Experiment 1: Detection of the S. pneumoniae Interactome

Three datasets were accumulated in order to determine how much of the S. pneumoniae was covered:

1. Using two different Y2H approaches [def See Support Pg. 1 for more info.], the study determined a total of 2,045 binary interactions between 820 proteins of S. pneumoniae. All available proteins were screened against each other sing a Gal4-based Y2H system.

2. 360 hypothetical proteins were screened using a LexA-based system.

3. A set of 322 protein interactions were determined using a microfluidic high-throughput assay.

This microfluidic assay consists of a microfluidic chip that consists of multiple micro-channels that interacted and flowed with the cDNA of two interacting proteins. Two proteins only were chosen in order to test the binary interactions between them. [3 Meier M, Sit RV, Quake SR. 2013. Proteome-wide protein interaction measurements of bacterial proteins of unknown function. Proc Natl Acad Sci U S A 110:477–482. .].
Bait and prey proteins of interest were fused to a short sequence of either the DNA binding domain (bait) or the activation domain (prey). This then results in the process of transcriptional fusion which allows this fusion to place a reporter gene downstream of the protein's promoter. Transcriptional activity is then measured with the promoter [def A region of DNA that allows for transcriptional processes for a particular gene].

Combining the results of these three data sets resulted in having 43% of the S. pneumoniae proteome covered. The image on the left shows the cultivation of the interactome of the proteins that were found for S. pneumoniae.

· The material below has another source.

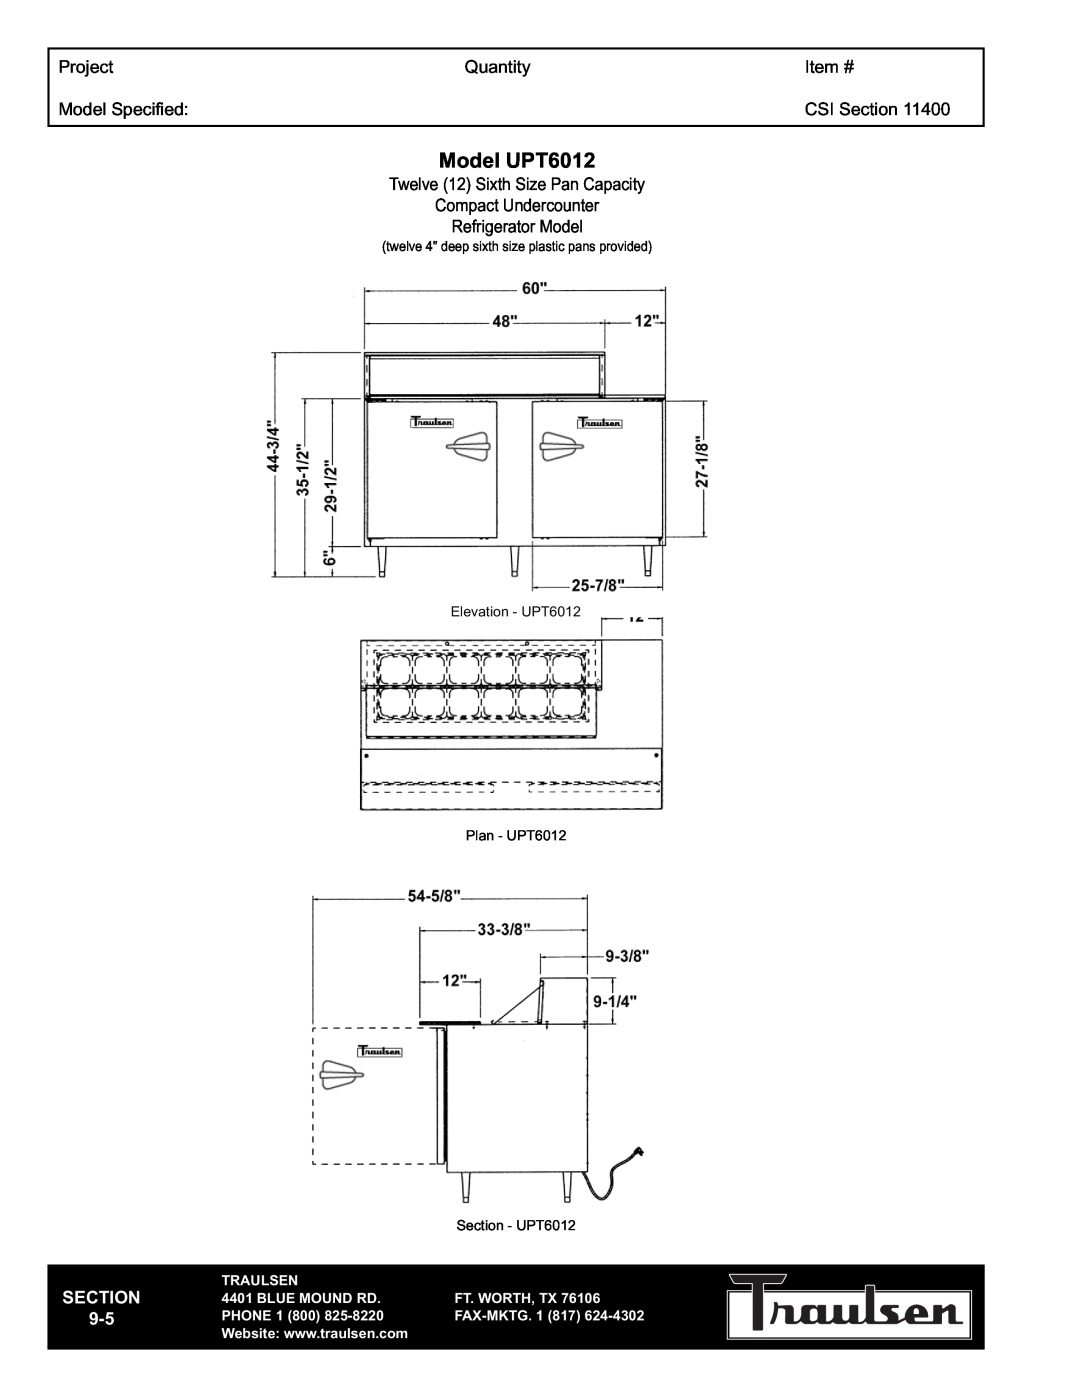 Traulsen UPT6024-LR Model UPT6012, Twelve 12 Sixth Size Pan Capacity, Compact Undercounter Refrigerator Model, Project 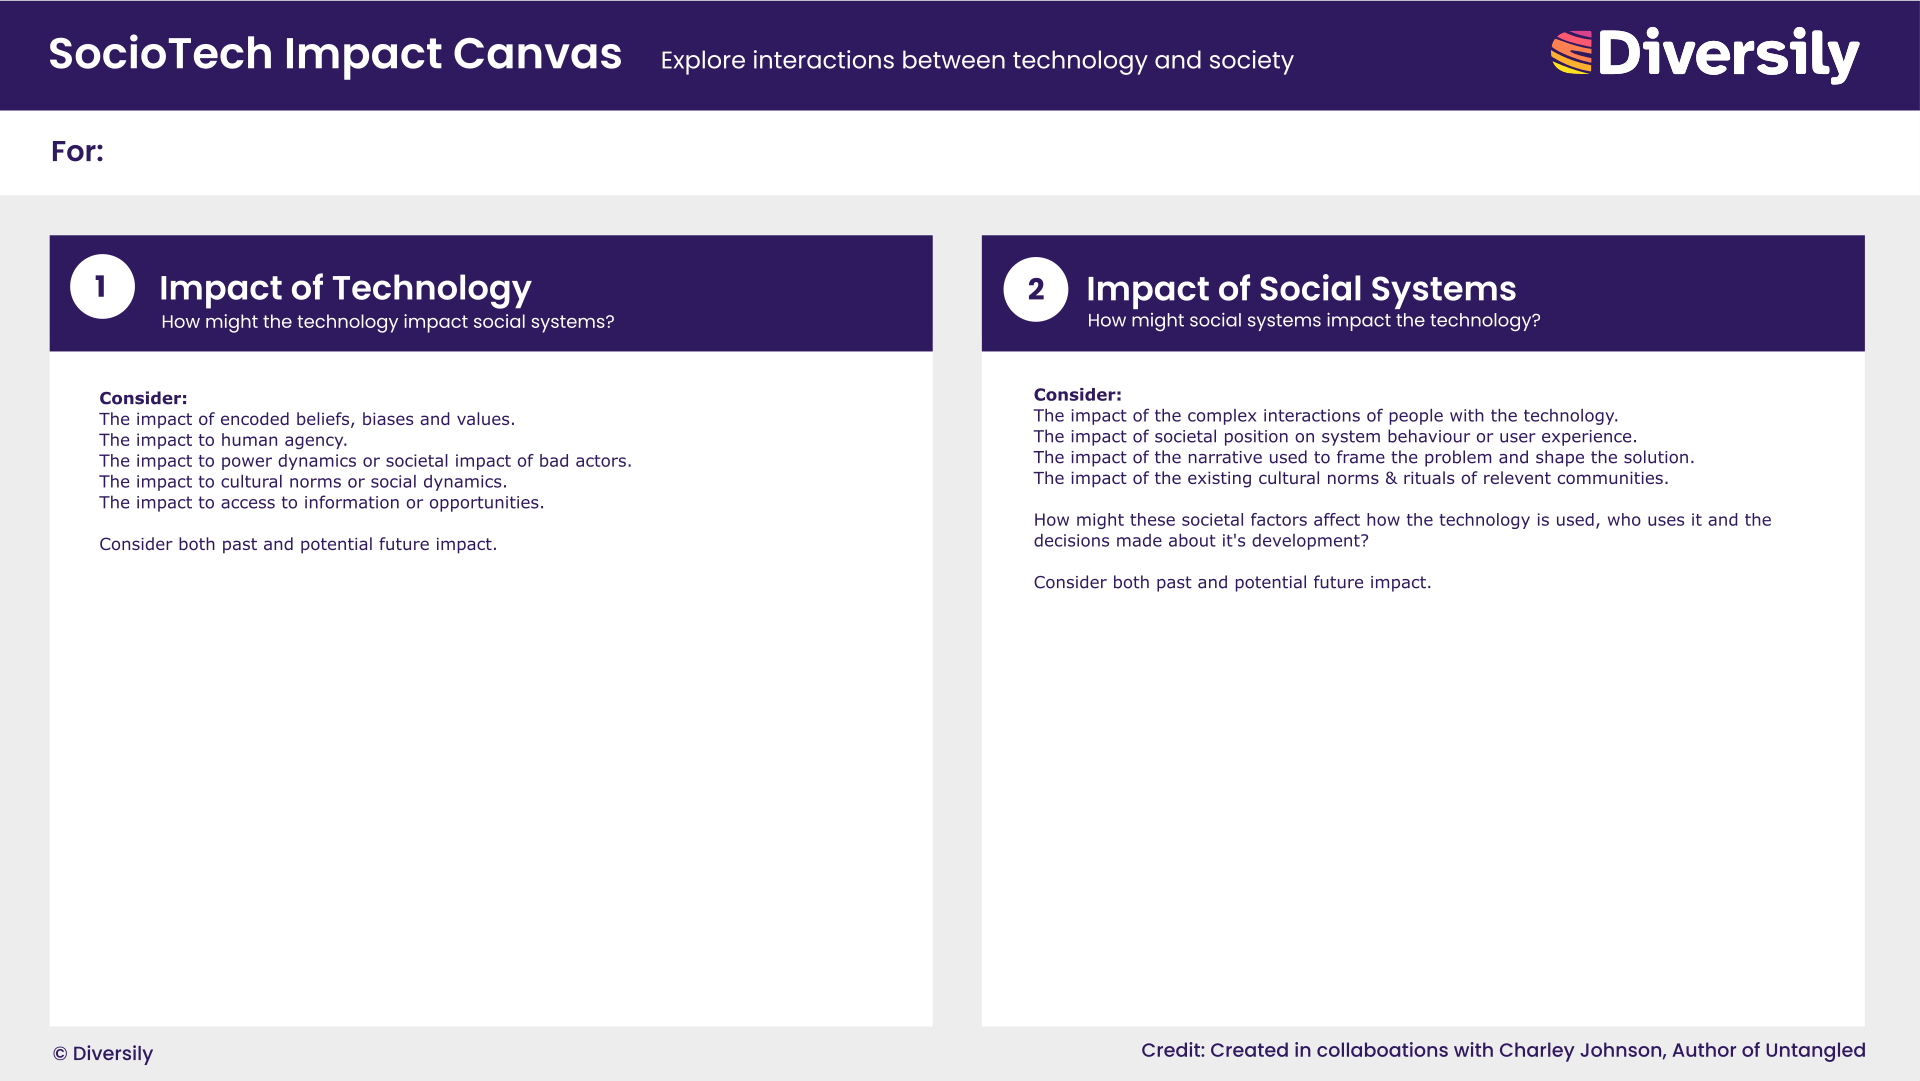 The SocioTech Impact Canvas

Proteins with known functions are colored green and the unknown functions were colored red. Roughly 37.2% of the proteins in the network were characterized to be unknown. Y2H translates to yeast two-hybrid and this identifies the proteins in the interactome that have undergone this process. Microfluidic is the other process (as shown as dark grey) and identifies the proteins in the data set for method 3 as listed above.

Fig. 3: Streptococcus pneumoniae Interactome Each dot represents a protein in the given strain. Red identifies proteins with unknown functions and green identifies proteins with known functions.